Recommended online course: If you are more of a video course learner, check out this inexpensive Udemy course: Natural Language Processing with Deep Learning in Python


Word2Vec and gensim

I’ve devoted plenty of words to explaining Word2Vec in my previous tutorials (here and here) so I’ll only briefly introduce the Word2Vec concepts here.  For further details, check out those tutorials. Here’s the (relatively) quick version – for each text data set that we create, we have to create a vocabulary. The vocabulary is the list of unique words within the text.  Often it is >10,000 words for serious data sets.  Machine learning models generally can’t take raw word inputs, so we first need to convert our data set into some number format – generally a list of unique integers.

Neural network based models like vector inputs. We, therefore, need to convert the integers into vectors.  A naive way of converting integers into vectors is to convert them into one-hot vectors – these are vectors where all of the values are set to zero, except for one i.e. [0, 0, 0, …, 1, …, 0, 0].  The “one-hot” value is located at the array index which matches the unique integer representation of the word.

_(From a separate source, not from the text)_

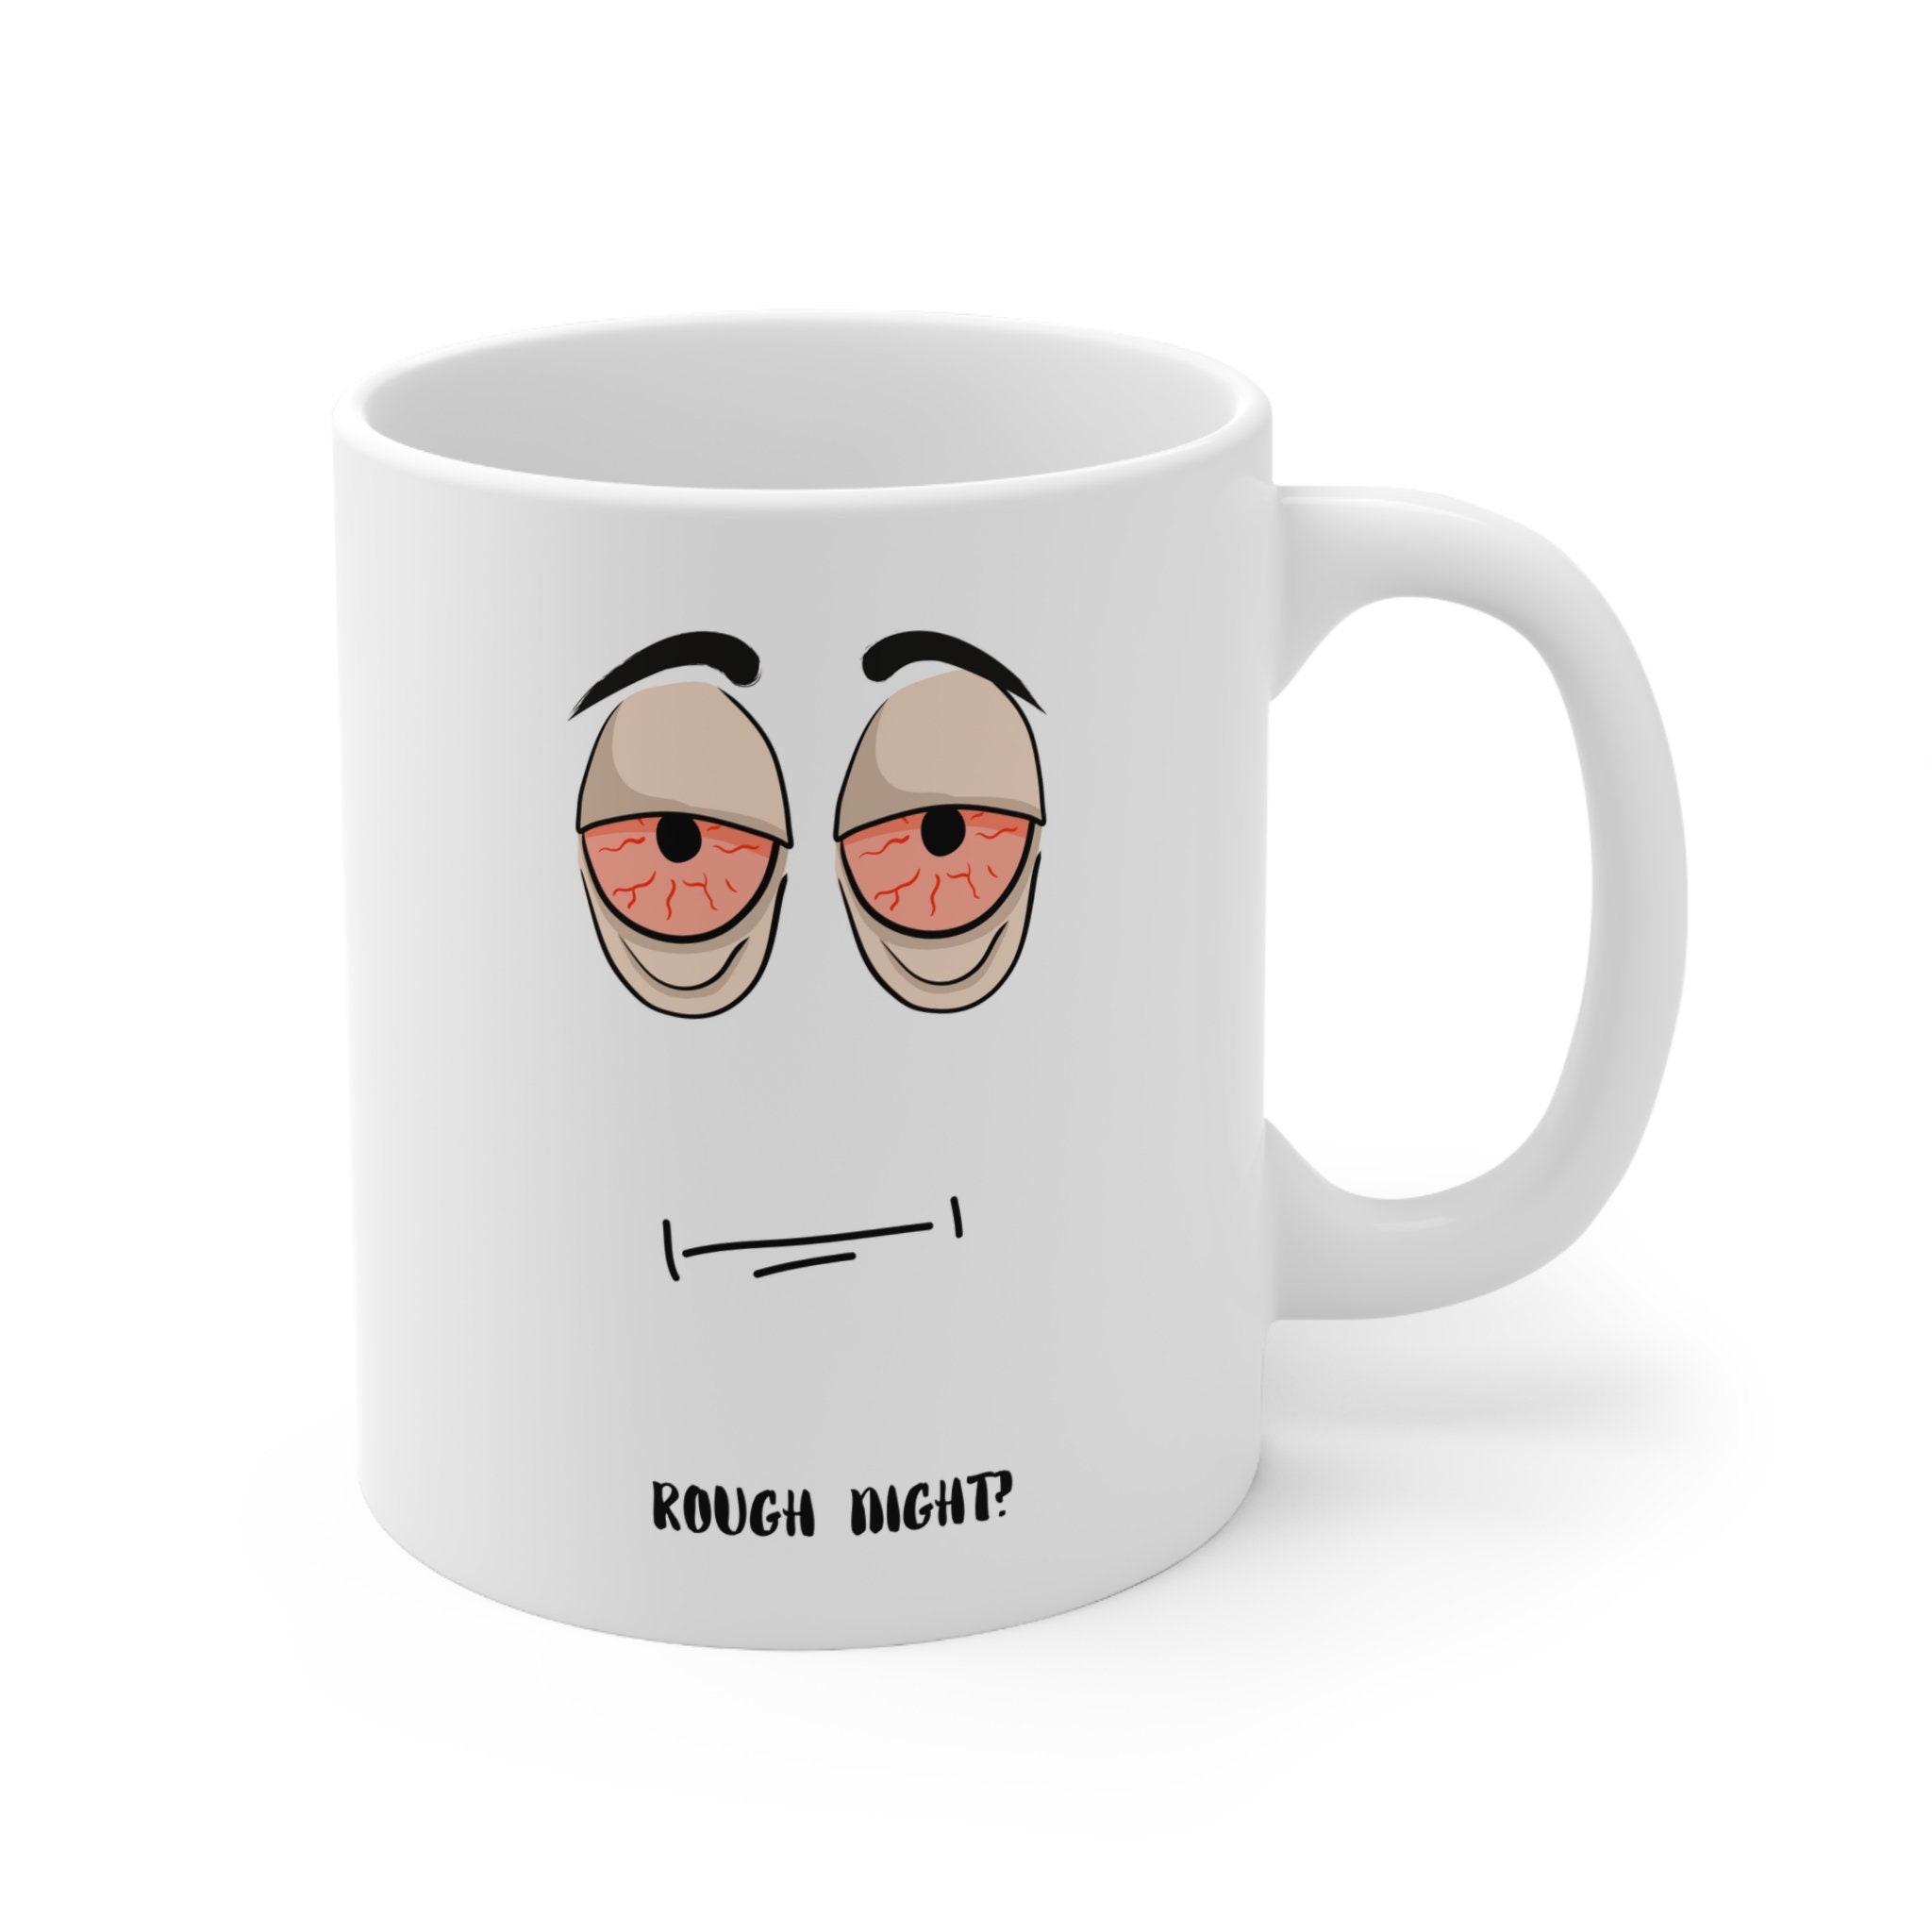 Skitongifts Funny Ceramic Novelty Coffee Mug Funny I'm A Magistrate My

Therefore, our input one-hot vector must be at least the size of the vocabulary in length – i.e. >10,000 words.

There are two main problems with this type of representation of words – the first is that it is inefficient. Each word is represented by a 10,000 word plus vector, which for neural networks means a heck of a lot of associated weights between the input layer and the first hidden layer (generally millions).  The second is that it loses all contextual meaning of the words.  We need a way of representing words that is both efficient and yet retains some of the original meaning of the word and its relation to other words. Enter word embedding and Word2Vec.

Word embedding and Word2Vec

Word embedding involves creating better vector representations of words – both in terms of efficiency and maintaining meaning. For instance, a word embedding layer may involve creating a 10,000 x 300 sized matrix, whereby we look up a 300 length vector representation for each of the 10,000 words in our vocabulary.  This new, 300 length vector is obviously a lot more efficient than a 10,000 length one-hot representation.  But we also need to create this 300 length vector in such a way as to preserve some semblance of the meaning of the word.

Word2Vec does this by taking the context of words surrounding the target word.  So, if we have a context window of 2, the context of the target word “sat” in the sentence “the cat sat on the mat” is the list of words [“the”, “cat”, “on”, “the”]. In Word2Vec, the meaning of a word is roughly translatable to context – and it basically works. Target words which share similar common context words often have similar meanings. The way Word2Vec trains the embedding vectors is via a neural network of sorts – the neural network, given a one-hot representation of a target word, tries to predict the most likely context words.  For an introduction to neural networks, see this tutorial.

Here’s a naive way of performing the neural network training using an output softmax layer:

gensim word embedding softmax trainer
A word embedding softmax trainer

In this network, the 300 node hidden layer weights are training by trying to predict (via a softmax output layer) genuine, high probability context words.  Once the training is complete, the output softmax layer is discarded and what is of real value is the 10,000 x 300 weight matrix connecting the input to the hidden layer. This is our embedding matrix, and we can look up any member of our 10,000-word vocabulary and get it’s 300 length vector representation.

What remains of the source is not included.